I just picked up a rockwell porta plane 126 and its is good condition. But as usual with used tools I need to get a new cutter head or get this one sharpened. Can anyone provide assistance with my troubles. Thanks


----------



## FatherHooligan (Mar 27, 2008)

It seems to be getting increasingly difficult to find companies that sharpen blades. I'm still looking for someone to sharpen saw blades here. I wish you success finding someone to sharpen your plane blades. Have you considered sharpening them yourself?


----------



## tbone (Apr 24, 2008)

That's a great door tool ya got there. The cutter head should still be available by special order from a PorterCable distributor, or repair center. They are NOT cheap. 
As far as sharpening your cutter head goes, just MAKE SURE your sharpening service knows to sharpen it from the *inside* of the carbide, and not the outside.
That Rockwell model 126 became a P-C 126 PortaPlane quite a few years ago. P-C discontinued it, but re-issued it later, and then I believe it has now been discontinued again.
This is just my opinion, but it seems those Rockwell tools were made to last forever-unlike the newer ones.


----------



## MrUnix (May 18, 2012)

Reviving a dusty old thread… I ran across a CL ad yesterday for what was claimed to be a vintage Porter Cable model 100 (aka: R2D2 router) with case and some attachments. Picture was worthless, but did appear to have some unusual attachments. Turned out to actually be a B&D 7640 heavy duty router in a PC 100-B base, but it also came with a 100-P 16" plane attachment w/2 cutter heads, 5042 cutter grinder, an edge guide and a few other yet unknown parts, all in an original PC metal case.
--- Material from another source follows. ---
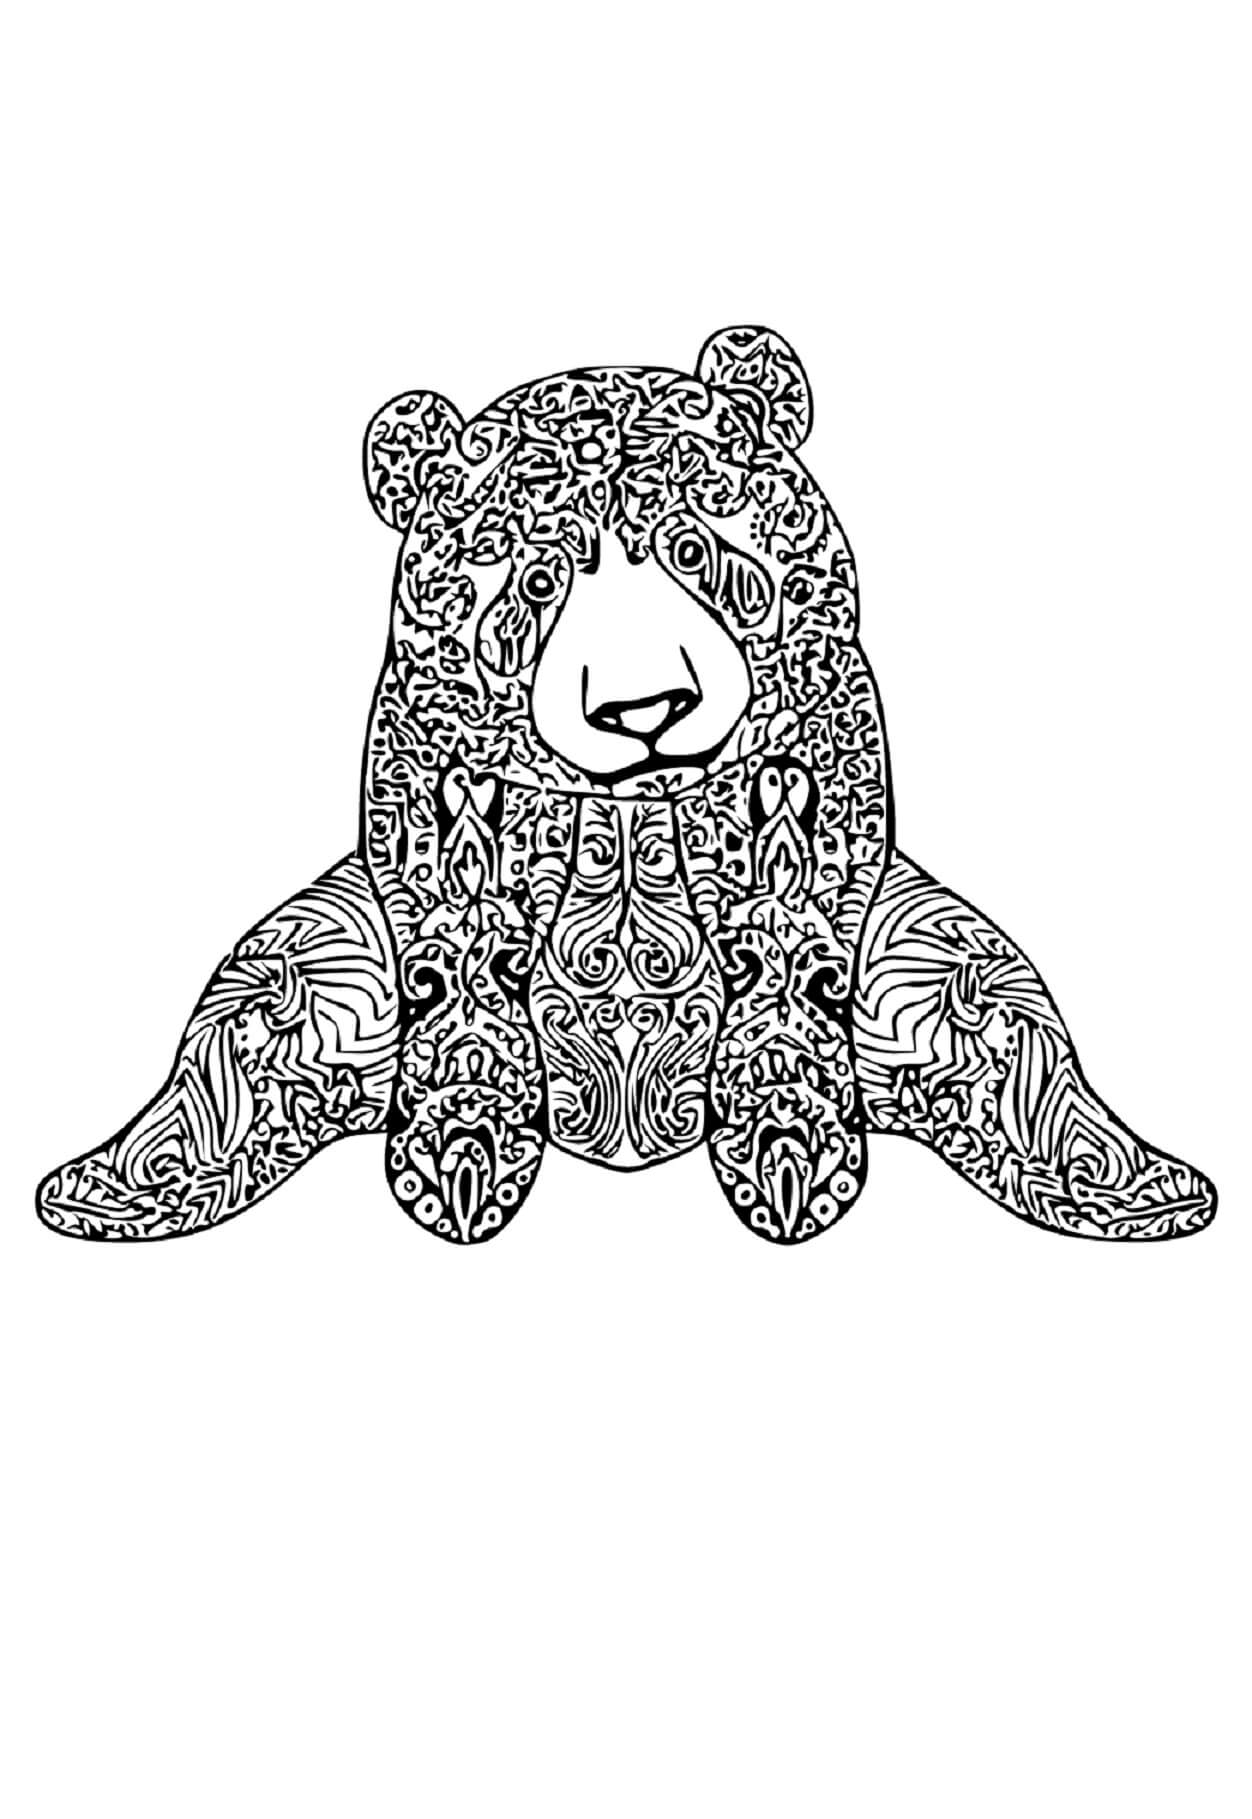 Mandala Bear Coloring Page - Sheet 3 Mandalas

Anyway, I have no idea if the plane attachment uses the same cutter head as the porta-plane (it looks very similar, but uses the router for the motor). The 5042 attaches to the router and is used to sharpen the cutter head. The cutter head has a spiral cutting edge, and the attachment indexes and turns the cutter head for proper alignment with the grinding bit in the router. I don't have any pictures at the moment, but it's quite the contraption. I don't know how a standard sharpening service would deal with these spiral knives without something similar.

Cheers,
Brad

PS: If anyone has any info or documentation on these, share! There is nothing out there that I can find.


----------



## bbc557ci (Sep 20, 2012)

I'll kick more dust off an old thread… Many, years ago I bought a complete Rockwell door hanging kit. The purchase was made at or near the beginning of my finish carpentry years, prolly about 55ish years ago. The kit included the adjustable hinge jig, router, and the 126 planer, all tucked in the same box. A couple of years after getting the kit someone relieved me of the 126 planer, stolen, I was beyond pissed. I didn't replace the 126 but wish I had. I saw one on Farsebook for sale today and was tempted. But as mentioned in the previous posts here, it appears the spiral cutter heads are near impossible to come by, that's a shame. Ah heck, at $195 the seller wants too much for the planer anyways so…..


----------